Enfin, l’Akoya est un hydravion 2 places de sport. Son marché est élitiste et se trouve en très grande majorité à l’export monde. Aussi l’Akoya ne constitue pas pour nous une finalité, mais bien un point de départ pour développer une gamme d’hydravion de transport, de recherche et sauvetage, de patrouille maritime et renseignement.
C’est pour toutes ces raisons et ce potentiel qu’il nous semble indispensable de préserver le savoir faire et les développement de Lisa Aeronautics en France. Et c’est ce qui constitue notre motivation dans cette affaire.
Comment en sommes nous arrivés à vouloir racheter les actifs de Lisa Aeronautics et pourquoi notre entreprise s’appelle L’HYDROPTERE 2.0 ?

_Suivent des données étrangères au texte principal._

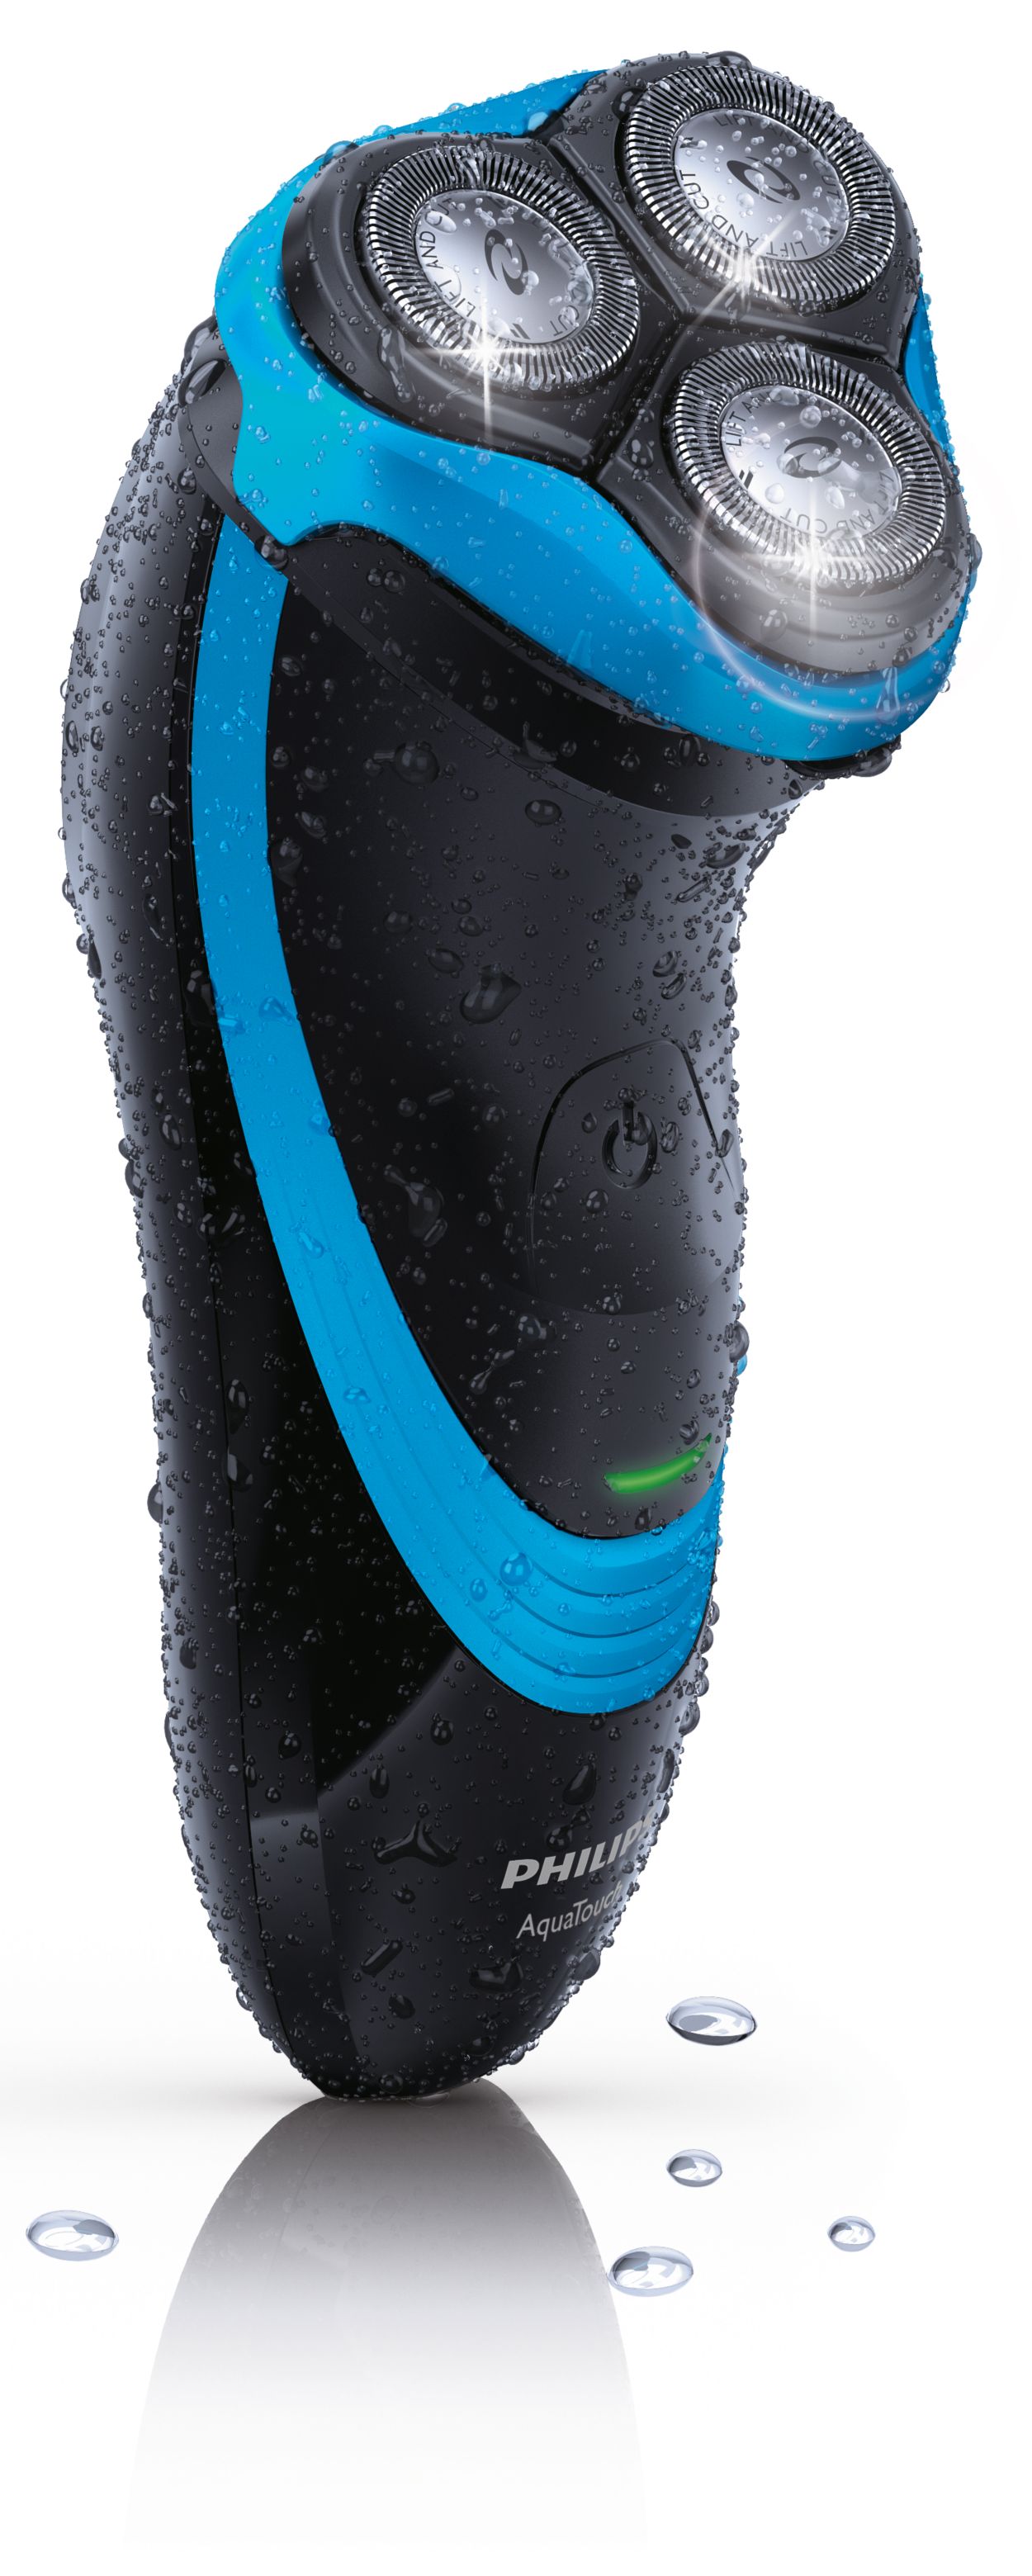 AquaTouch Våd elektrisk shaver AT750/20 | Philips

Tout commence le 28 juin 2019 avec le rachat de l’Hydroptère, un trimaran à foils mythique et véritable fleuron du savoir faire français en ingénierie aéronautique et navale. Imaginé par Eric Tabarly, développé par Alain Thébault, l’Hydroptère est issu d’une collaboration de grande entreprises et organismes tels que Dassault Aviation puis Airbus, la DCN (Naval Group), Matra, le CNES, Dassault Electronique, les Chantiers de l’Atlantique, Brochier SA (Hexcel Composites), le CEA….
Lancé en 1994, c’est le 1er voilier à foils de l’ère moderne qui va défricher la voie et inspirer tous les bateaux de course d’aujourd’hui. Après une longue période de fiabilisation (quasiment 15 ans), il devient le 1er engin à voile au monde à franchir la barrière des 50 noeuds et atteint même en 2009 la vitesse de 55,5 noeuds soit 102,8 km/h. Surnommé le Concorde des mers car il est conçu et construit en très grande partie comme un avion il reste aujourd’hui en 2023 le voilier de haute mer le plus rapide du monde (plus vite que les Ultim et les class America).
Abandonné à Hawaï depuis 2015, il est voué à être détruit. Avec un associé californien, Chris Welsh, nous décidons de tenter de le sauver. Cela nous a pris 3 ans 1/2 pour le ramener en France grâce à l’AIRBUS, du groupe IDEA, de LDA, du groupe Fetis et bien d’autres. Aujourd’hui il est à Nantes et nous commençons sa rénovation en vue de le refaire voler et de l’utiliser comme plateforme de recherche pour l’aéronautique, le naval et l’industrie sur des projets liés entre autres à la décarbonation. Nous avons également un second bateau à foils, l’Hydroptère.ch qui va être mis à l’eau cette année et embarquer également des expérimentations.
Comme L’Hydroptère bénéficie d’une visibilité mondiale auprès du grand public commes des clients de l’ultra luxe et des professionnel, nous offrons également l’opportunité aux entreprises de venir afficher leurs couleurs ou marques et communiquer comme l’ont déjà fait avec succès la banque d’affaire Lombard Odier ou la prestigieuse maison d’horlogerie Audemars Piguet.
Si il ne fait pas de course au large, L’Hydroptère peut participer à de grands évènements, embarquer des collaborateurs, des prospects et des VIP, être invité au départ des grandes courses, etc… il peut également être optimisé (il est loin d’avoir atteint son plein potentiel) pour battre de nouveaux records.
L’Hydroptère bénéficie d’une grande notoriété auprès du monde de la recherche et de l’éducation, c’est ce qui nous permet d’embarque dans nos projets de recherche des écoles et des laboratoires de renommée mondiale, mais également des entreprises de pointe.
On peut dire que L’HYDROPTERE 2.0 est une aventure qui est devenue entreprise. Autour de 2 bateaux de record, elle porte des projets collaboratifs à retombées économiques et environnementales. Elle offre également à des marques la possibilité d’une communication premium et à des entreprises et consortium d’accéder à des plateformes de recherche et de booster leur R&D.